Conchi ha pensado si su vida es realmente su vida, si su imagen es en realidad su imagen, se pregunta ¿cómo la verán los demás? No por una cuestión paranoide sino por mera justicia así misma, después de tantos años luchando por crear su imagen, una imagen aceptable para su psique, dejando a un lado los ideales familiares, sociales y hasta buchones.

¿Quién era ella ahora? Con 49 años de su paso en este mundo, con las estrías hinchadas en el pecho, los pies azules y cansados. Con el intestino más perezoso que hace un par de años. La paciencia guardada en el baúl de los recuerdos. La sangre menstrual más oscura, más dolorosa, menos constante. Con ese calor recorriéndole el cuerpo cada tanto. Las alas de murciélago crecidas, los hoyuelos enraizados en las piernas. Las cicatrices internas de la maternidad negada. El ojo que no llora. Los olvidos repetidos, hasta peligrosos -dejar la llave de la casa pegada, la estufa prendida, la plancha conectada, la gata encerrada- ¿en quién se había convertido esa mujer con la oreja grande? 

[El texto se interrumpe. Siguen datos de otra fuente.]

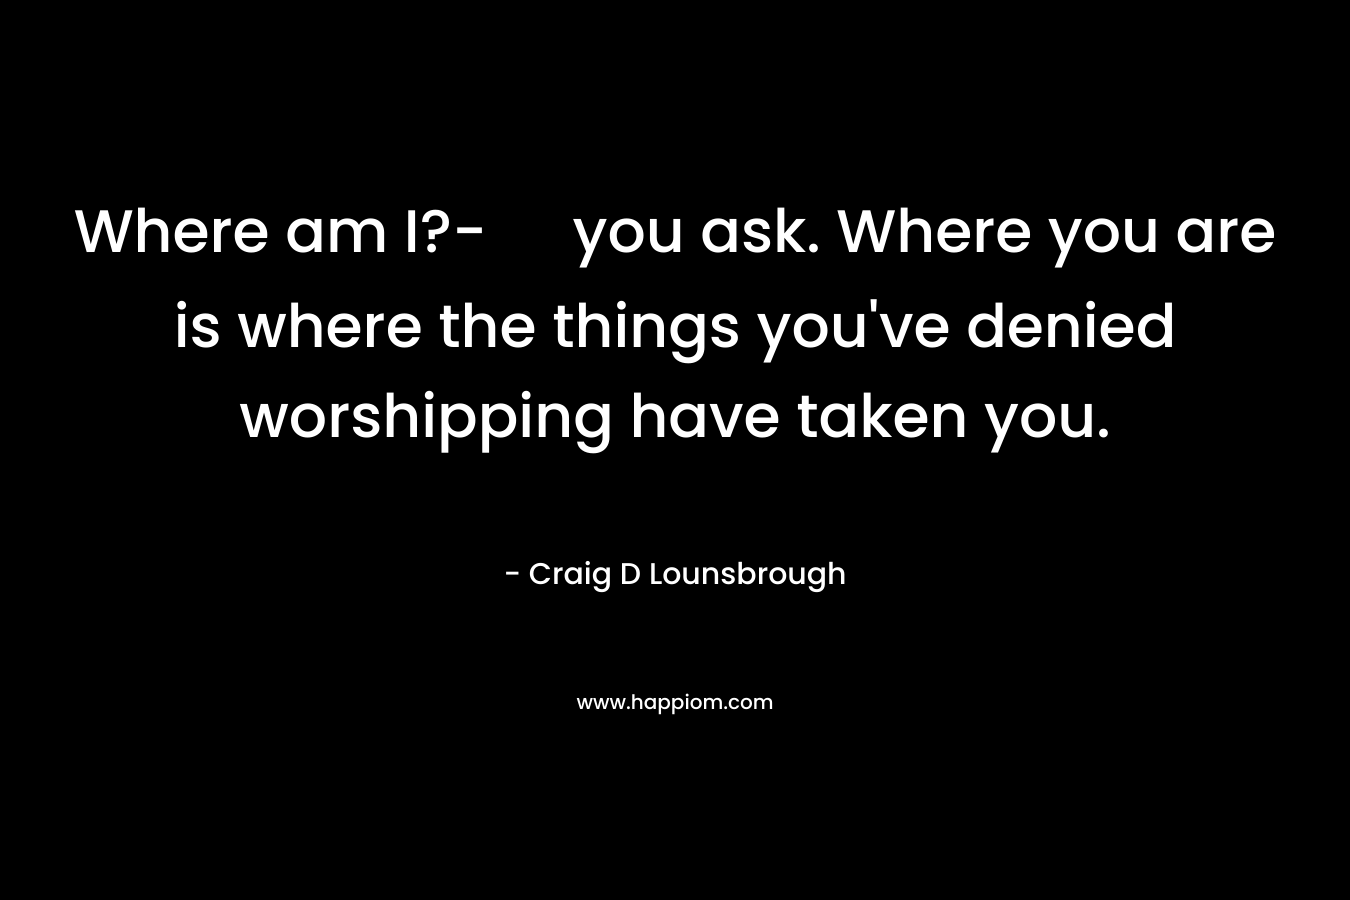 Where am I?- you ask. Where you are is where the things you've denied worshipping have taken you.

 ¿Por qué a mujeres como ella la cultura les niega mostrarse con todas las marcas de vida? ¿Por qué aún su madre le reprocha su estilo de vida, sus cigarros, la luna en el pelo?

Medea es el enojo. La rabia. El abandono. La mentira. Medea es una mujer que se ha desdibujado por eso se ha perdido en esa oreja, en ese ojo, en esa pierna, porque eso es lo que hace todo un sistema con la vida de las mujeres, las parcializa, las destroza, exigiéndoles cordura, pero sin dejar de ser infantiles, las silencia, las despoja de sí mismas, de su placer, de su deseo.